Authorities Break Up Fundraiser Turned Rally

By Seng Ratana, VOA Khmer
Original report from Takeo
09 November 2007

"The authorities threatened us not to mention politics, but I want to ask what politics are about" - Mam Sonando
Phnom Penh security forces broke up a religious fund-raising ceremony Friday, following calls from those gathered for the release of Tim Sakhorn, a defrocked monk in jail in Vietnam.

Tim Sakhorn, who has been sentenced to one year in a Vietnam jail, has become a rallying point for advocates of the Khmer Kampuchea Krom ethnic group. Tensions over the treatment of the group have spilled over into violence in past demonstrations, and police say they broke up the fundraiser to ensure public safety.
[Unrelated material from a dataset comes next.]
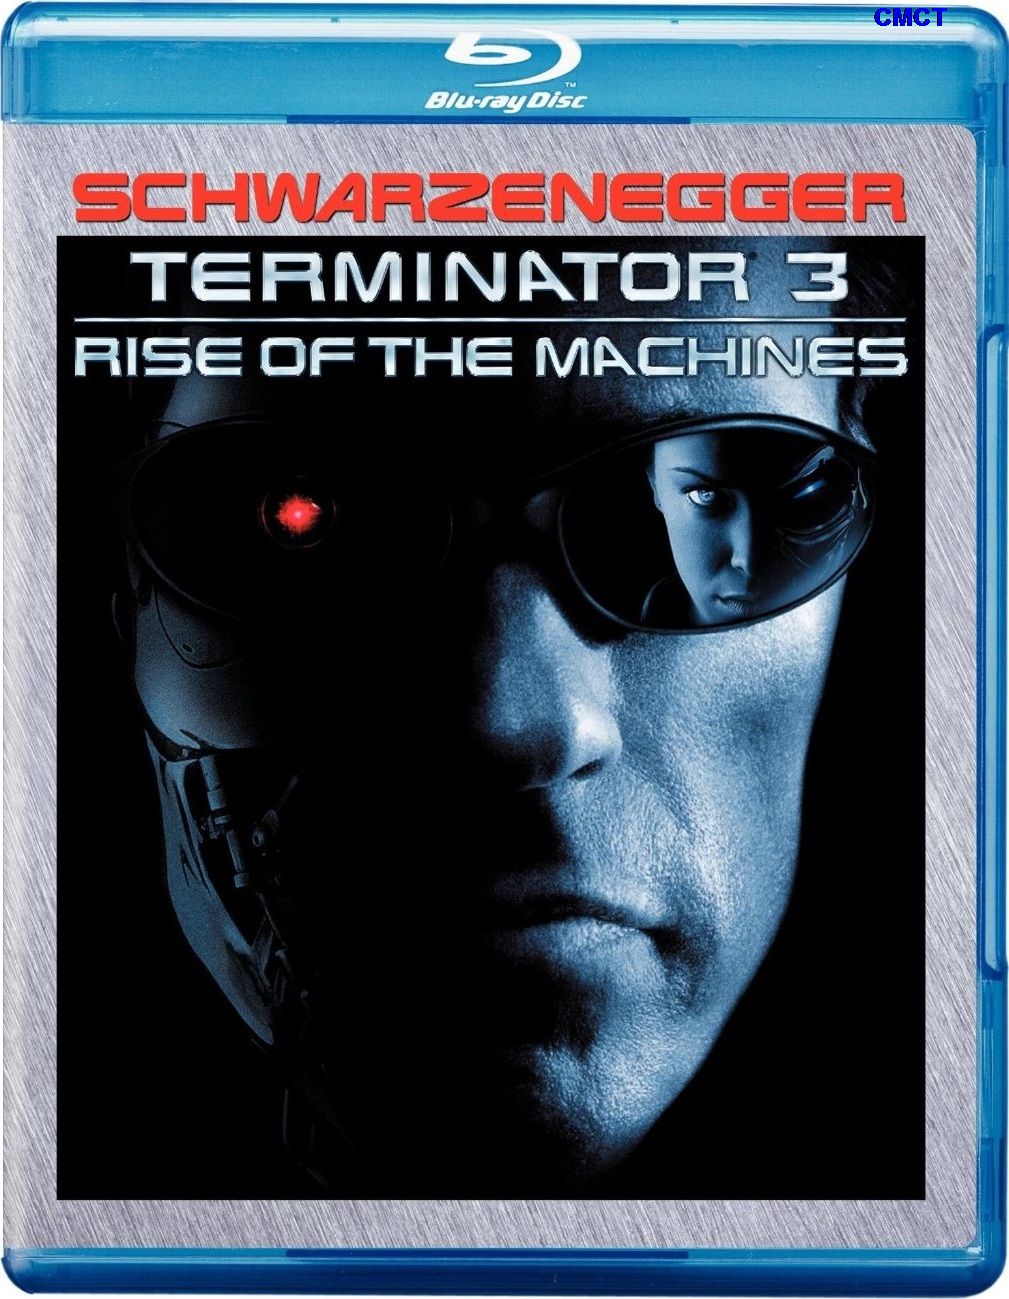 终结者3: 机器的觉醒  [DIY国语次世代] [简/繁/国配/中英双语特效字幕/PIP中字/双导评中字] Terminator.3.Rise.of.the.Machines.2003.Blu-ray.1080p.AVC.TrueHD5.1-CMCT [36.17 GB]-1.jpg

Friday's gathering was meant as a fund-raiser, organizers said, and turned unruly after some people began calling for the release of Tim Sakhorn. Plainclothes police argued with some of those gathered, witnesses said.

Officials in Phnom Penh's Phnom Den district warned people ahead of the rally not to use the gathering to demand Tim Sakhorn's freedom, organizers said.

"All their forces were deployed, and they kept an eye on the ceremony," Chhim Savuth, an investigator for the Cambodian Human Rights Organization, told VOA Khmer.

"The authorities threatened us not to mention politics, but I want to ask what politics are about," said Mam Sonando, director of the Beehive Radio station.